> **Exercise details**
Write the listing out again word for word, leaving each picture behind.

> **Collected material**

━━━━━━━━━━━━━━━━━━━━

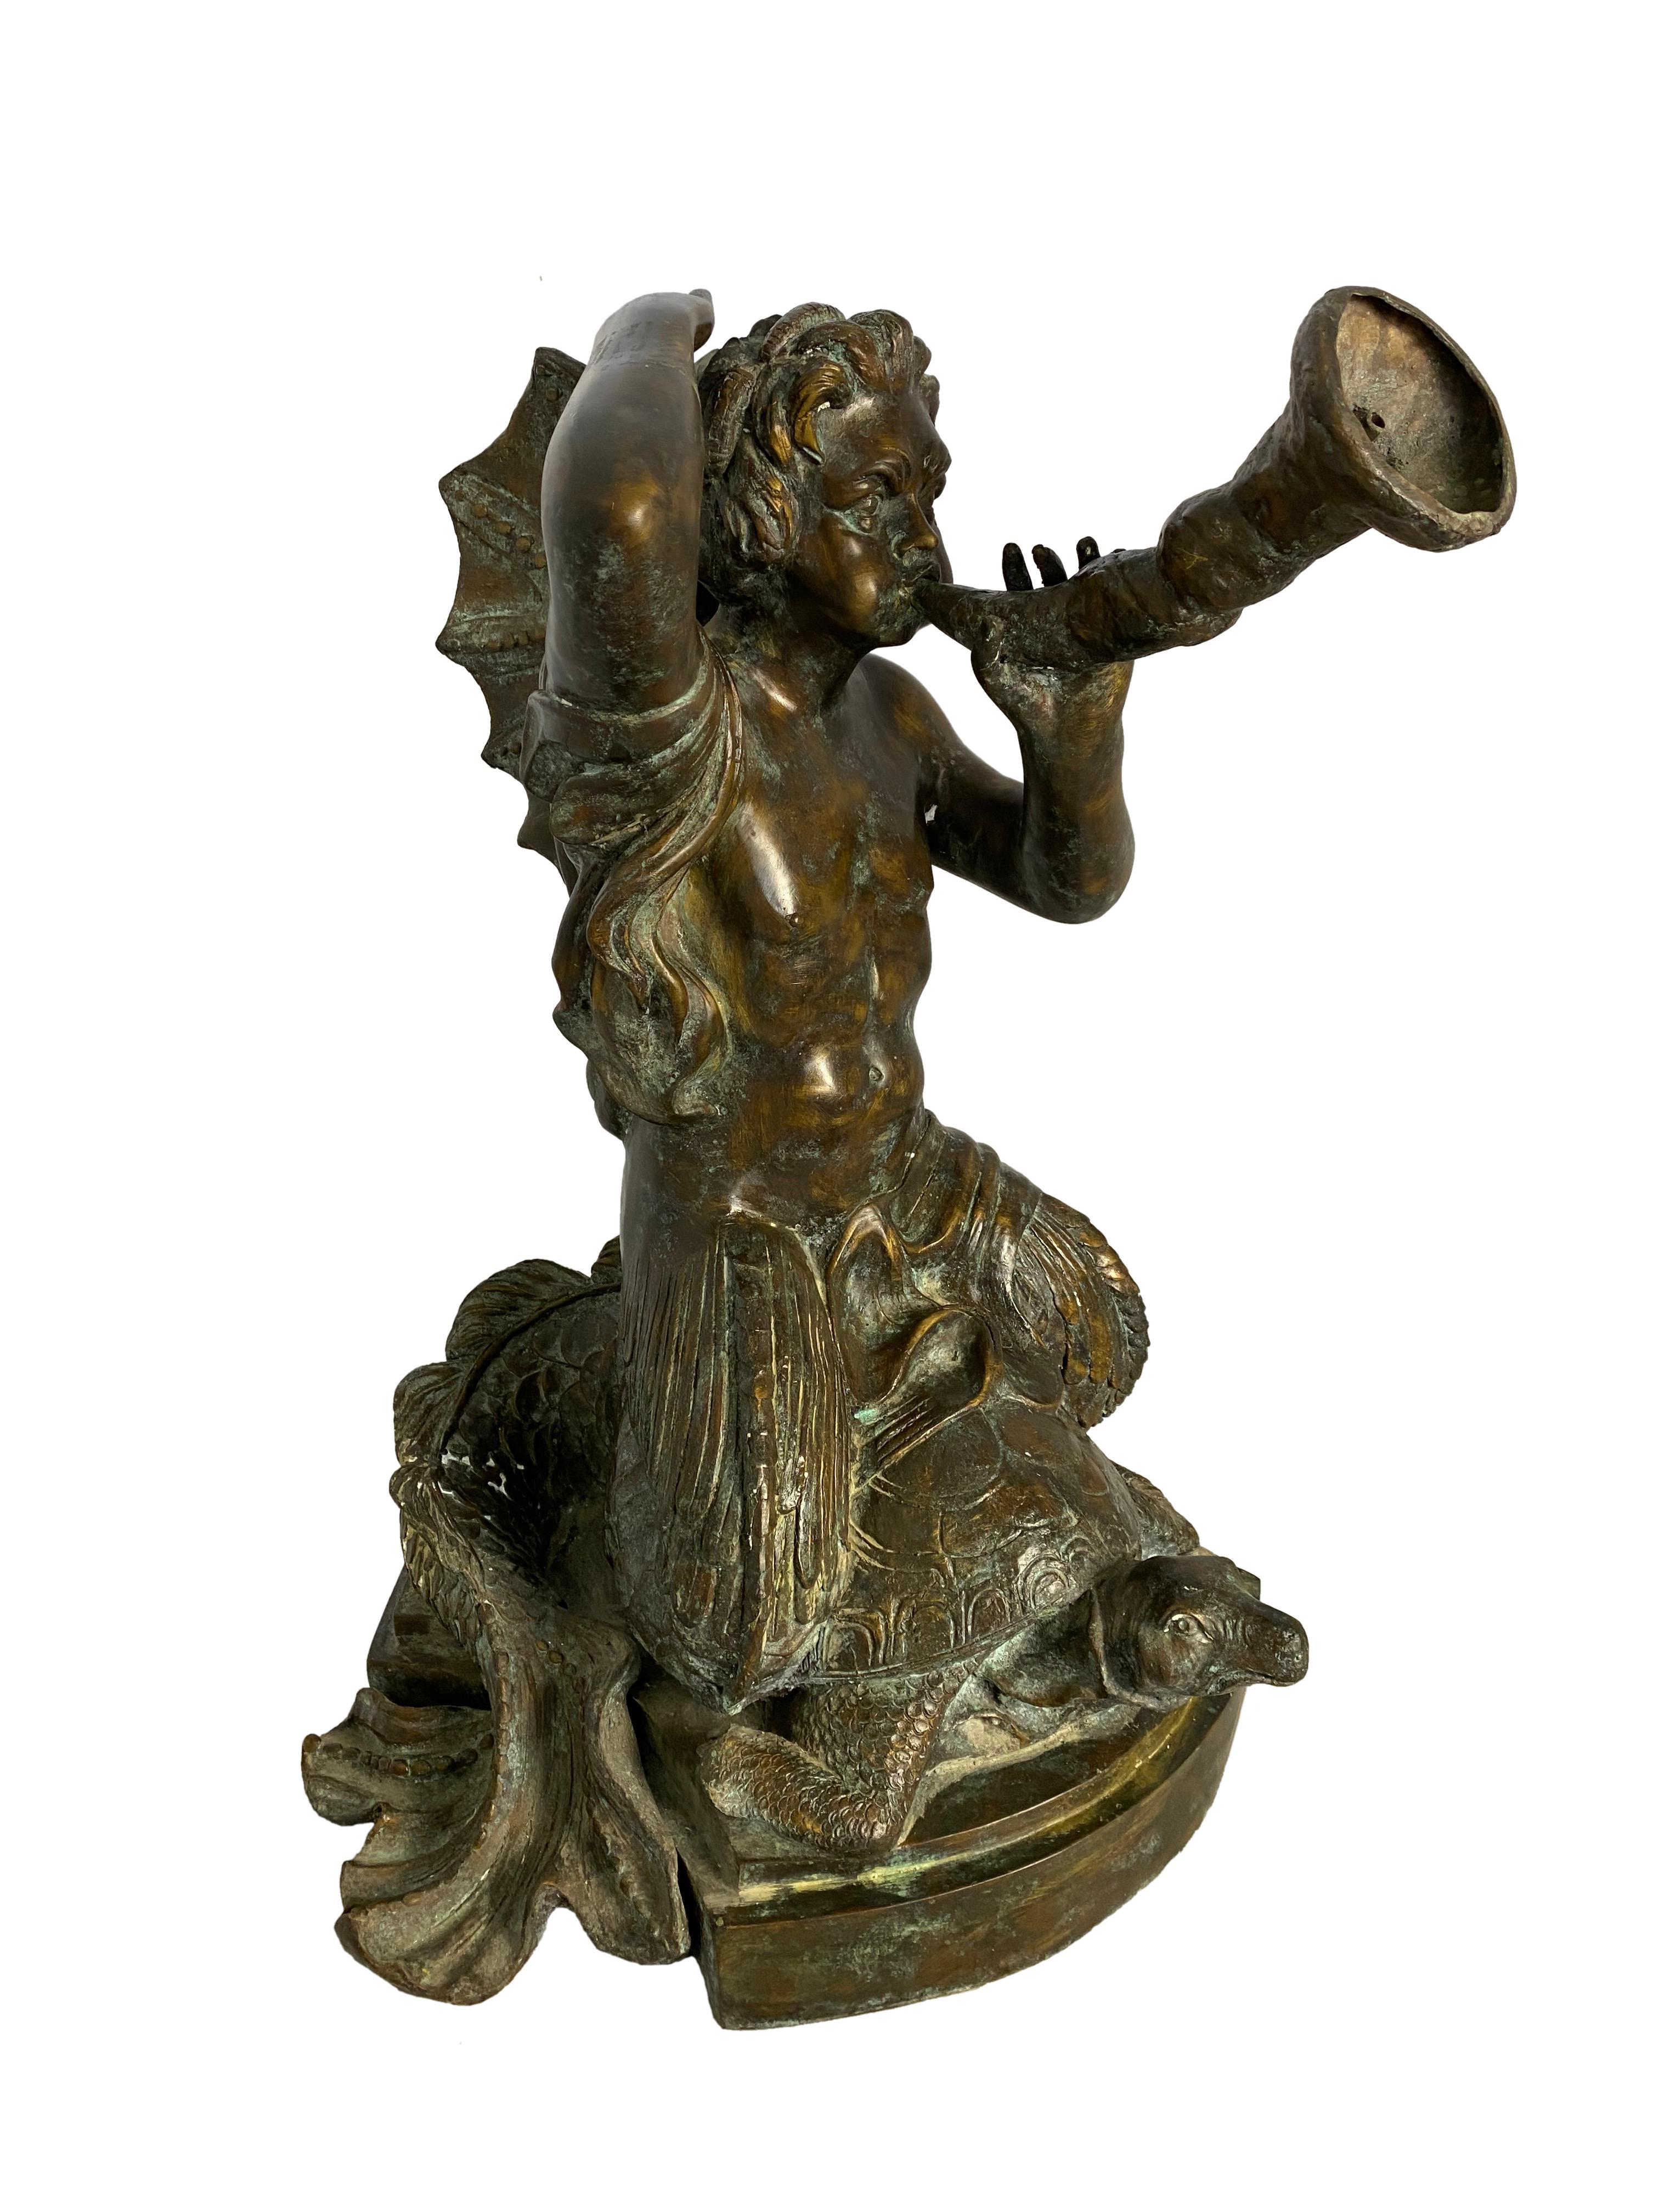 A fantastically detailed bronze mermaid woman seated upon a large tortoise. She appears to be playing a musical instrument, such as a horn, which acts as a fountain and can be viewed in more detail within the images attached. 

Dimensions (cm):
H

━━━━━━━━━━━━━━━━━━━━

> **Answer space**
 A fantastically detailed bronze mermaid woman seated upon a large tortoise. She appears to be playing a musical instrument, such as a horn, which acts as a fountain and can be viewed in more detail within the images attached. 

Dimensions (cm):
H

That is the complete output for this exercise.